Вызвать государя попросил Боткина. Тот сидел за столом и писал что-то — морщась, вздрагивая и поводя плечами. «Переживает…» — подумал и позвал:
— Евгений Сергеевич!
— Я пишу письмо своему другу в Санкт-Петербург… — как ни в чем не бывало произнес Боткин. — Грустное письмо… Я утверждаю, что мы все здесь давно мертвы и осталось только подтвердить нашу смерть… делом.
— Ка… ким делом? — Вот ведь… Ведь бывают же! Пророк, и всё! Провидец…
— Простым. Убить. — Встал. — Вам что-нибудь нужно?
— Пригласите государя. Я мог бы и сам, но стучаться к княжнам и идти… туда… Я не хочу. Пожалуйста.
— Да. — Боткин ушел, и сразу же появился император. Вгляделся.
— У вас… что-то важное?
— Да. Евгений Сергеевич, вас я прошу уйти. — Боткин молча удалился в столовую. — Государь… Войков выставил условием возможной… помощи вам и вашей семье… Кольцо с рубином. Оно на шее вашей супруги…

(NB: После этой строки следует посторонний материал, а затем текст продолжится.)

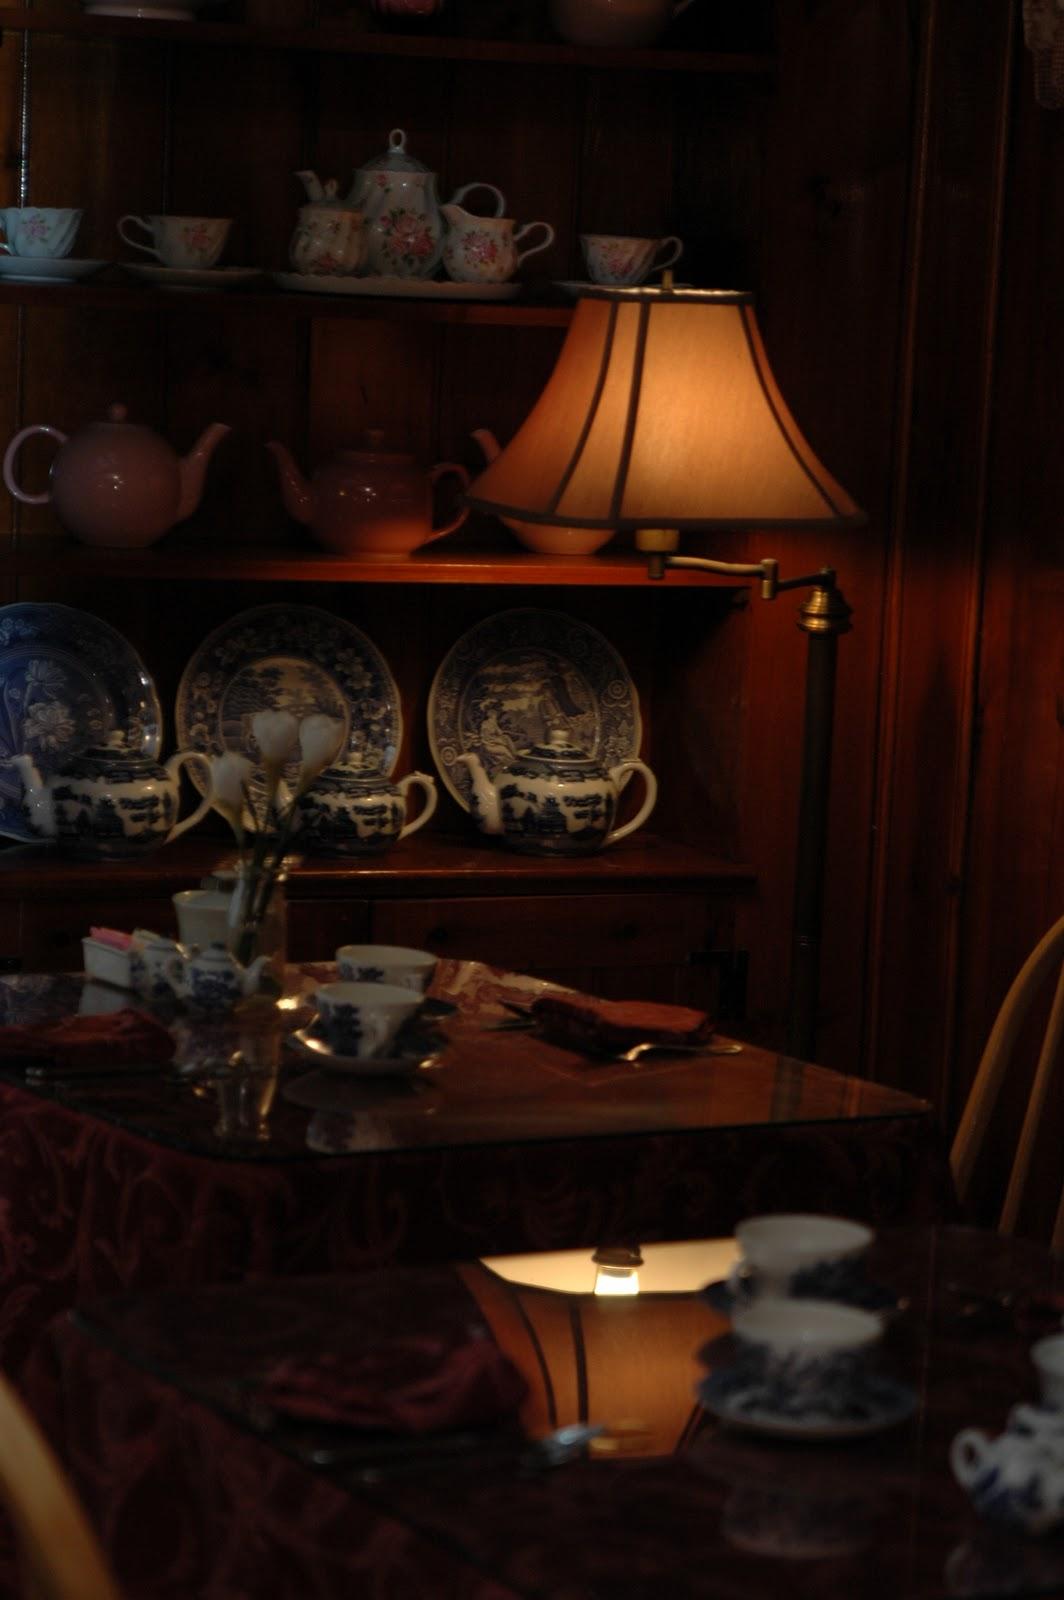 Deborah Jean S Dandelion House And Garden The Dunbar Tea
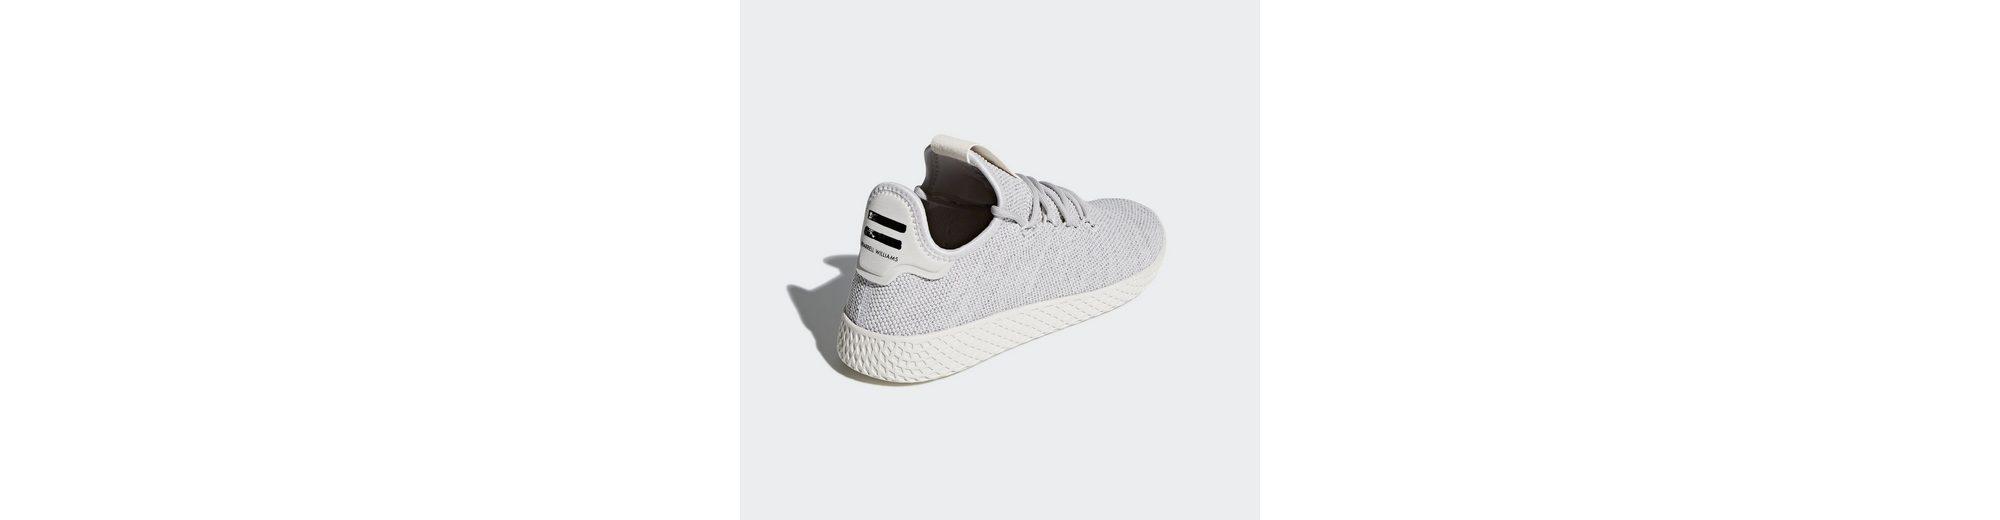 adidas Originals Pharrell Williams Tennis HU Schuh Sneaker Spielraum Großer Verkauf sJxJSKDbS

Лицо царя менялось на глазах. Только что внимательное и даже доброжелательное — оно мгновенно сделалось холодным и непроницаемым.
— Вы не отдаете себе отчета… Это кольцо — мой подарок. Давний…
— Да. В Германии. Вы были тогда женихом. Государь… Мне трудно и… незачем все это говорить. Я простой человек, не вор и не мздоимец. Но у вас есть два пути: все рассказать коменданту или Голощекину и тогда нас… И Войкова, пусть и заслуженно, — расстреляют или выгонят. И вы останетесь без одной единички из ста. Тогда — всё.